需要说明的是,本发明实例的操作对象是已经训练收敛的深度神经网络的特征层,其中特征层是由卷积层和激活层(或可描述为激活函数、非线性层)两部分组合而成,或是由卷积层、BatchNorm层(归一化层)和激活层三部分组合而成,如图2所示。对于网络的类型及模块,包括但不限于卷积层,批归一化层,激活层,全连接层,Resnet模块。在深度神经网络框架中,特征层的内部结构示意图如图3所示,第i个特征层为Li,第i个特征层的卷积核为Wi,卷积核Wi对应的偏置为Bi。本发明只对后面还有储存参数的层(特征层/全连接层)的特征层进行计算,比如图4(a)中除最后一个特征层之外的其它特征层,而不对后面没有储存参数的层的特征层进行计算,比如图4(b)中的特征层,即若特征层后面只有池化层、归一化层、激活层或softmax层,则不对这种特征层进行操作。It should be noted that the operation object of the example of the present invention is the feature layer of the deep neural network that has been trained and converged, wherein the feature layer is a combination of the convolution layer and the activation layer (or can be described as an activation function, a nonlinear layer) two parts. It is composed of three parts: convolution layer, BatchNorm layer (normalization layer) and activation layer, as shown in Figure 2. For network types and modules, including but not limited to convolutional layers, batch normalization layers, activation layers, fully connected layers, and Resnet modules. In the deep neural network framework, the schematic diagram of the internal structure of the feature layer is shown in Figure 3. The ith feature layer is Li, the convolution kernel of the ith feature layer is Wi , and the bias corresponding to the convolution kernel Wi is B i . The present invention only calculates the feature layer of the layer (feature layer/fully connected layer) that has stored parameters in the back, such as other feature layers except the last feature layer in Fig. 4(a), but does not store parameters later. The feature layer of the layer is calculated, such as the feature layer in Figure 4(b), that is, if there is only a pooling layer, a normalization layer, an activation layer or a softmax layer behind the feature layer, this feature layer will not be operated.

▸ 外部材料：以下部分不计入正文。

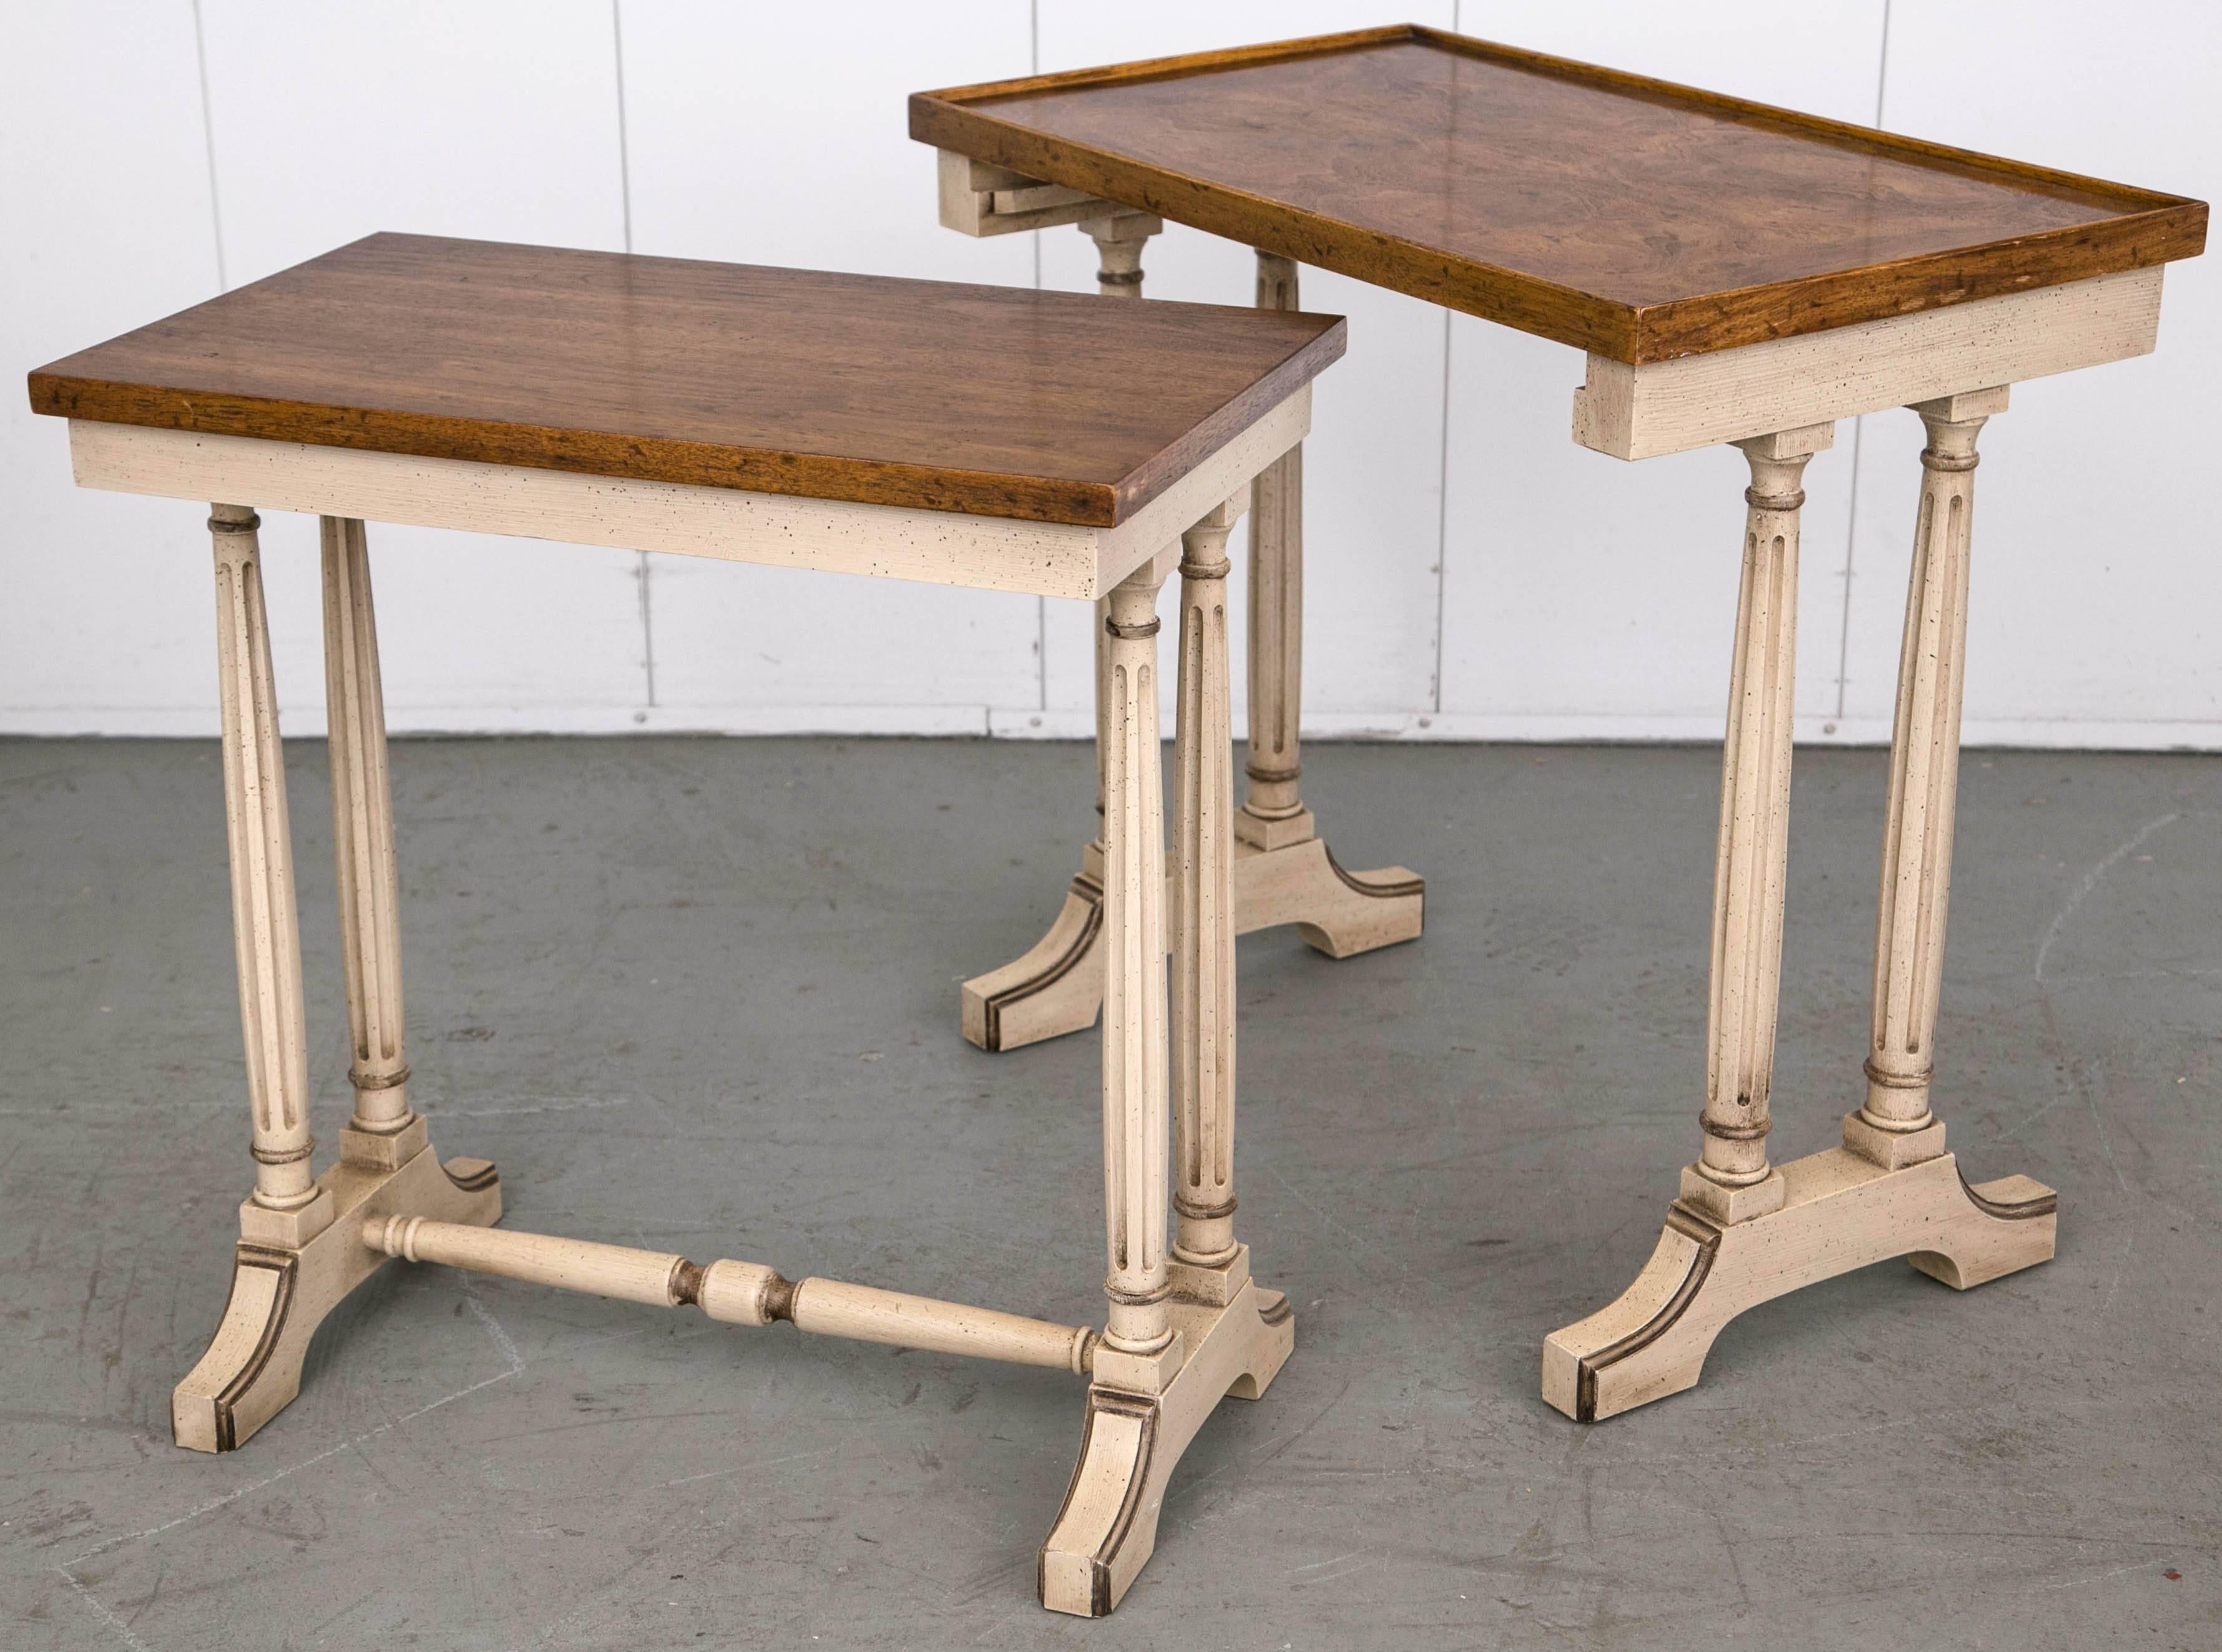 A set of two nesting tables, the lower able to slide in place beneath the upper.
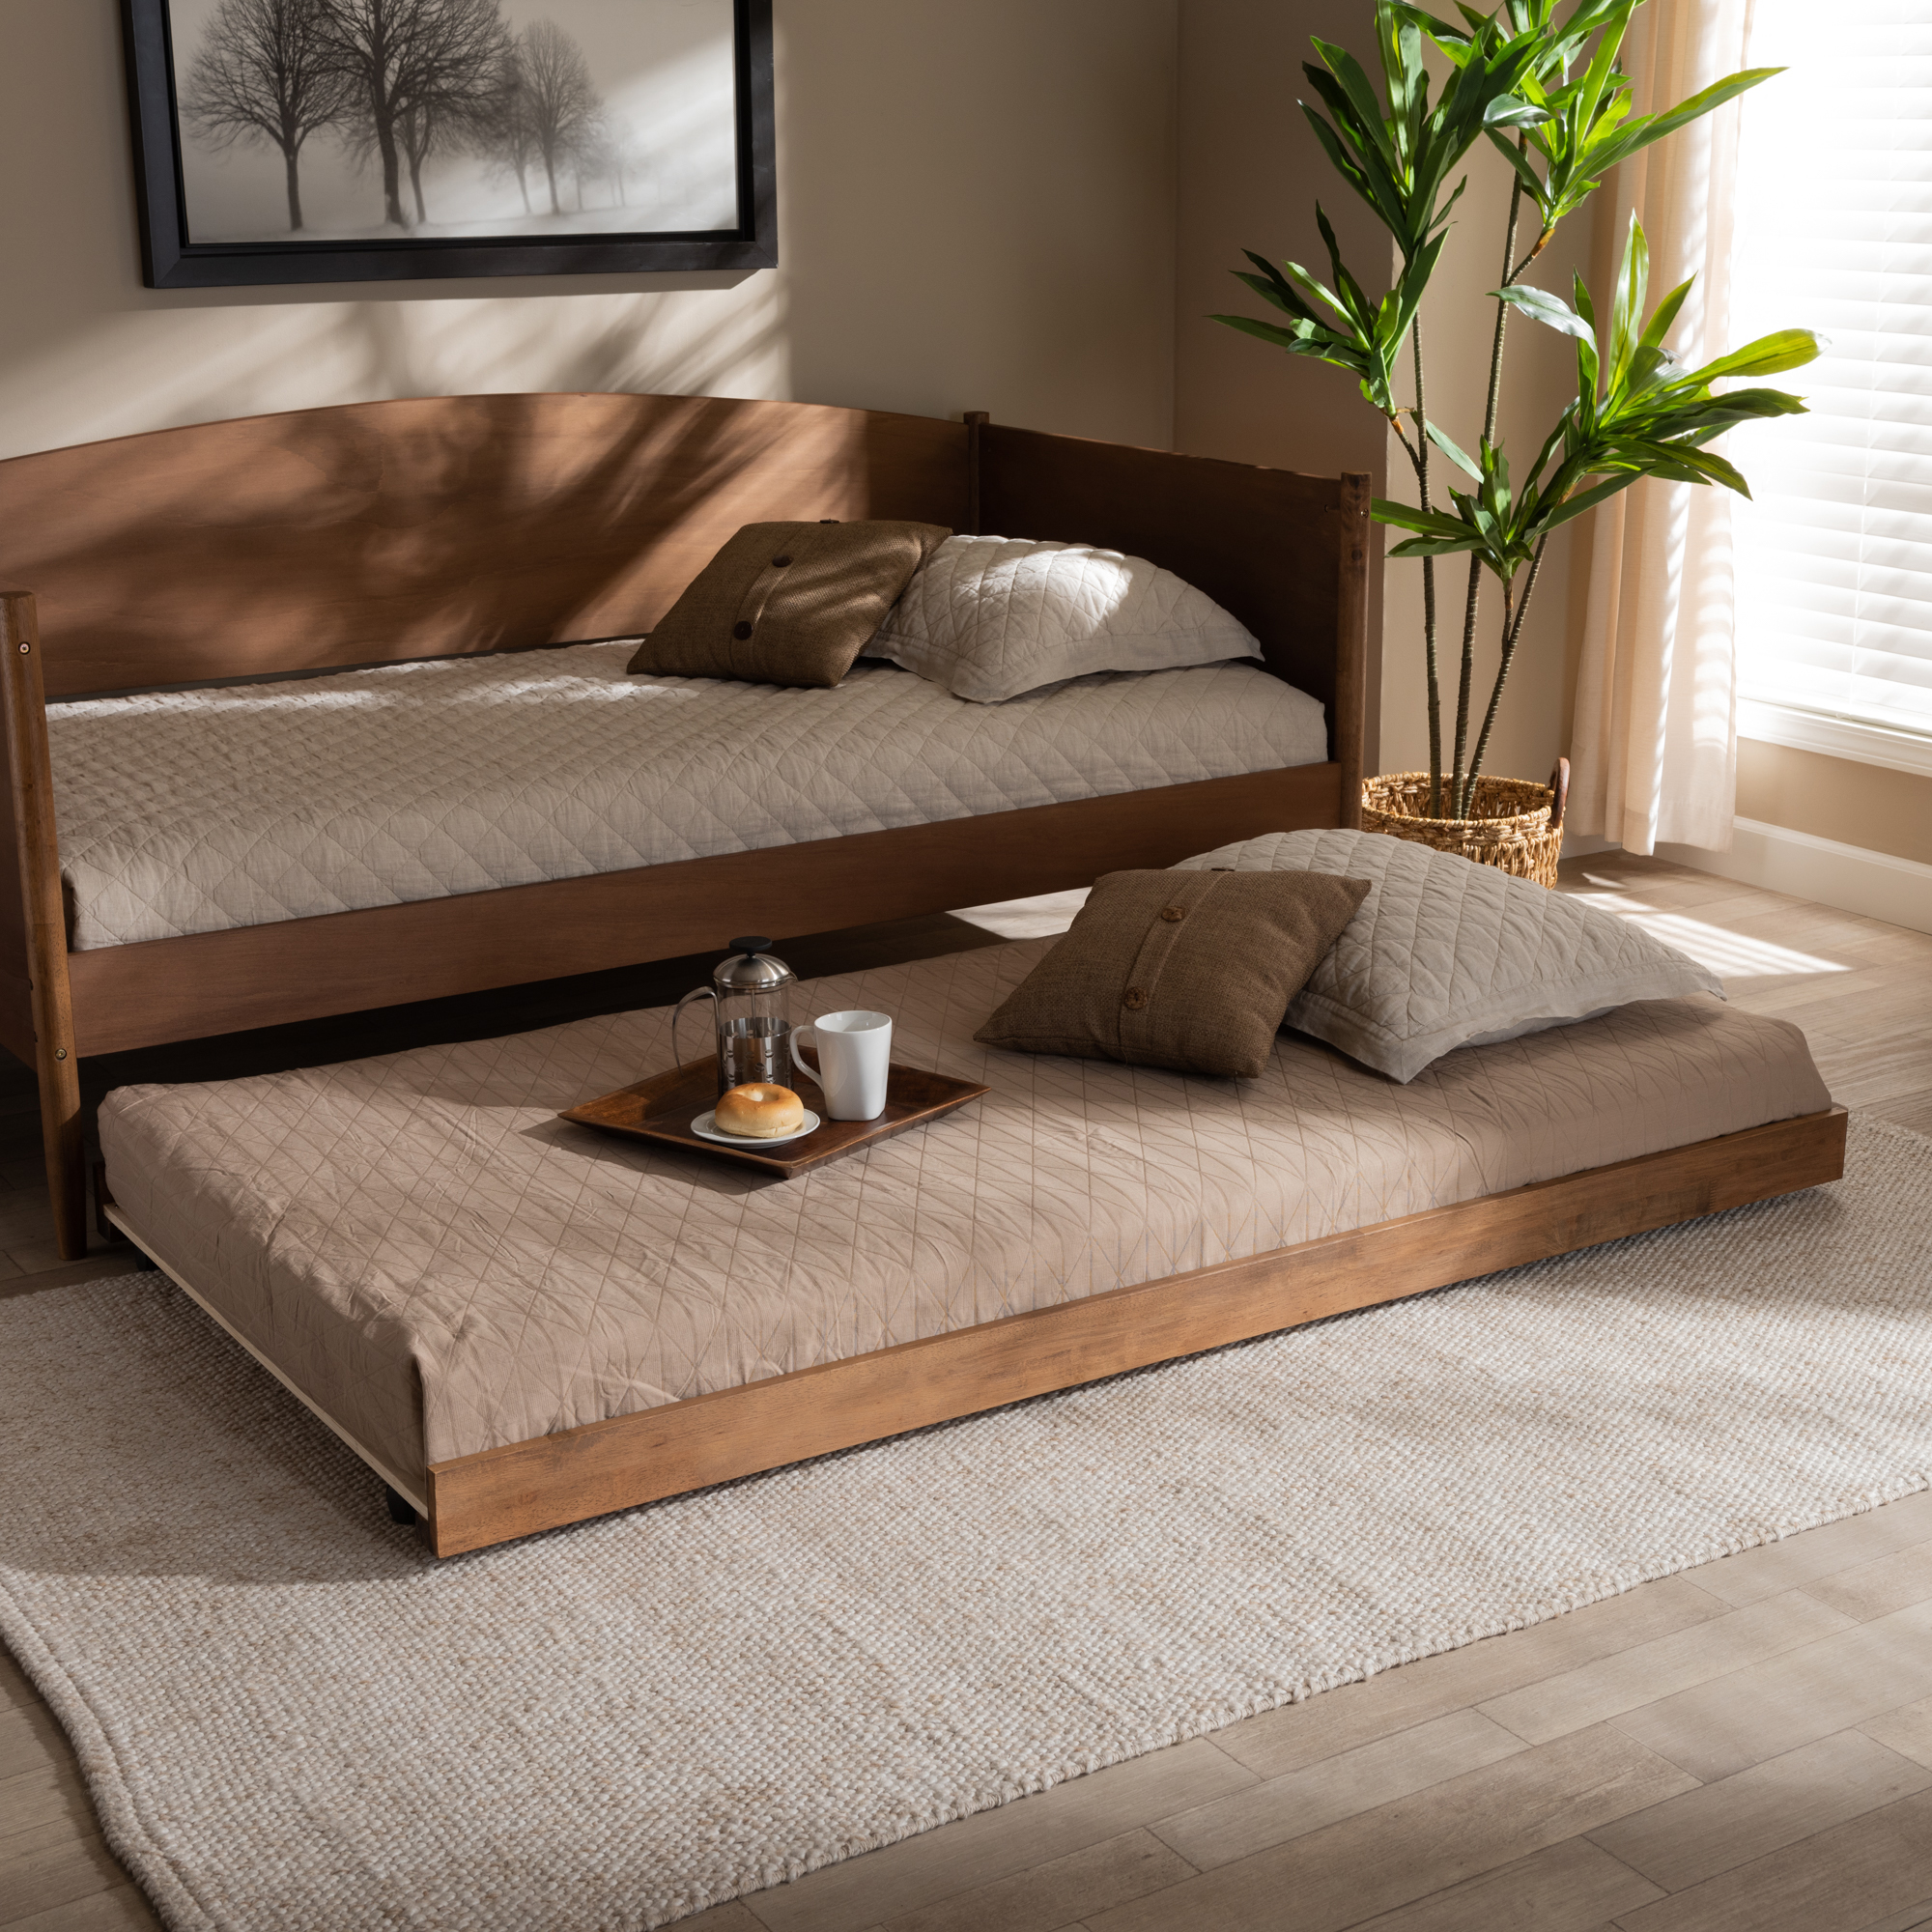  Modern Trundle Bed for Small Space

在深度神经网络的一个迭代步(epoch)中,样本分不同的批次送入神经网络进行计算。对网络模型中特征图的统计特征,分批次进行特征统计,以下以第i个特征层Li为例进行说明,实现步骤如下:In an iterative step (epoch) of the deep neural network, the samples are sent to the neural network in different batches for calculation. For the statistical features of the feature map in the network model, feature statistics are performed in batches. The following takes the i -th feature layer Li as an example to illustrate, and the implementation steps are as follows:
S31:初始化中间变量。Nsum用来统计已经处理过的样本数量,初始化为0;Nbatch为批次数量,Nbatch=ceil(样本总数/N),N是一个批次中样本的数量,ceil(·)是向上取整函数;nbatch是当前批次的计数,初始化为0;均值和标准差Sikj是标量,k=1,2,…,N,j=1,2,…,Ci,初始化为0;均值矩阵和标准差矩阵S_mi的初始化为大小是(N,Ci)的零矩阵,而均值向量和标准差向量S_vi的初始化为大小是(1,Ci)的零向量,Ci为特征层Li的输出通道数量。S31: Initialize intermediate variables. N sum is used to count the number of samples that have been processed, initialized to 0; N batch is the number of batches, N batch = ceil (total number of samples/N), N is the number of samples in a batch, ceil( ) is upward Rounding function; n batch is the count of the current batch, initialized to 0; mean and standard deviation S ikj are scalars, k = 1, 2, ..., N, j = 1, 2, ..., C i , initialized to 0; mean matrix and the standard deviation matrix S_m i is initialized as a zero matrix of size (N, C i ), while the mean vector The sum standard deviation vector S_v i is initialized as a zero vector of size (1, C i ), where C i is the number of output channels of the feature layer Li .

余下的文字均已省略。